Ok, hell, lets get on with it. The warez scene is a lot different today than it was back in my day. The warez scene began with the explosion of all things computerish into the lives of the average geek. You see, we didn't have no fancy Best Buy or Comp USA, back then we were truly hardcore. That's right, I'm talking mail-order software. Basicly, instead of some fancy retail packaging we bought software in the form of a few floppy diskettes in a plastic bag. Back then, computers were more accurately described as hobbyist than professional retail soulless goo. A lot of people set up game studios or application houses literally in their own garages or flats.
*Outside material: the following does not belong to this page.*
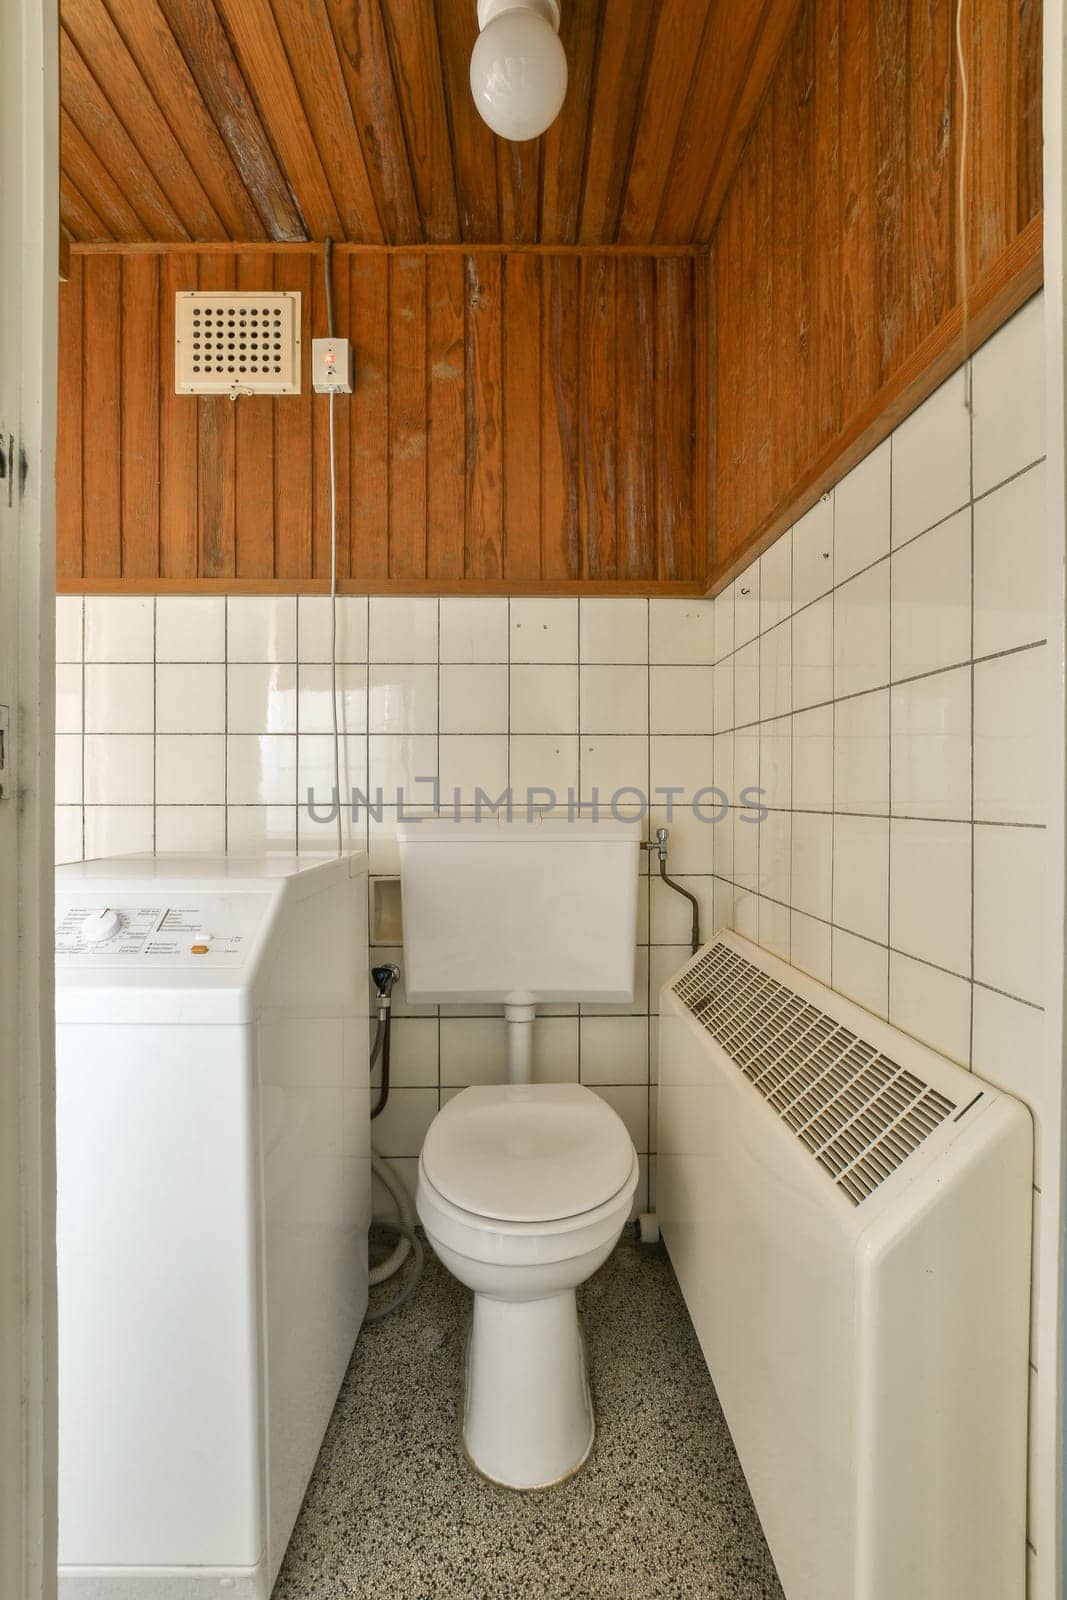 a small bathroom with wood paneled walls and white tile on the floor, there is a toilet in the corner

Most of this homegrown software was sold as shareware - initially released for free through computer magazines or convention booths. Usually, the software was neutered in a variety of fashions - timed trials (after a set period of time, the software stopped working), limited functionality (Use the software as much as you want, you just can't save or print your work) or, in the case of games, only a sample level (will our hero escape the horrible squid demon? Send $29.99 to?). So then, should you be significantly endowed with cash and possess a strong desire to purchase said product, you called a phone number with your credit card handy, or stuffed an envelope with cash, etc. So, in one form or another, you paid to get yourself a serial number to activate the program, unlocking hidden features, levels, etc.

Hokay. So back then the extent of software piracy was people sharing serial numbers or manually making copies of diskettes for friends. You must remember young grasshopper, this was before the explosion of that whole internet thing. Then towards the late 80's some serious warez circles started forming up. Many of them remain in existence to this day, to serve your every whim and desire.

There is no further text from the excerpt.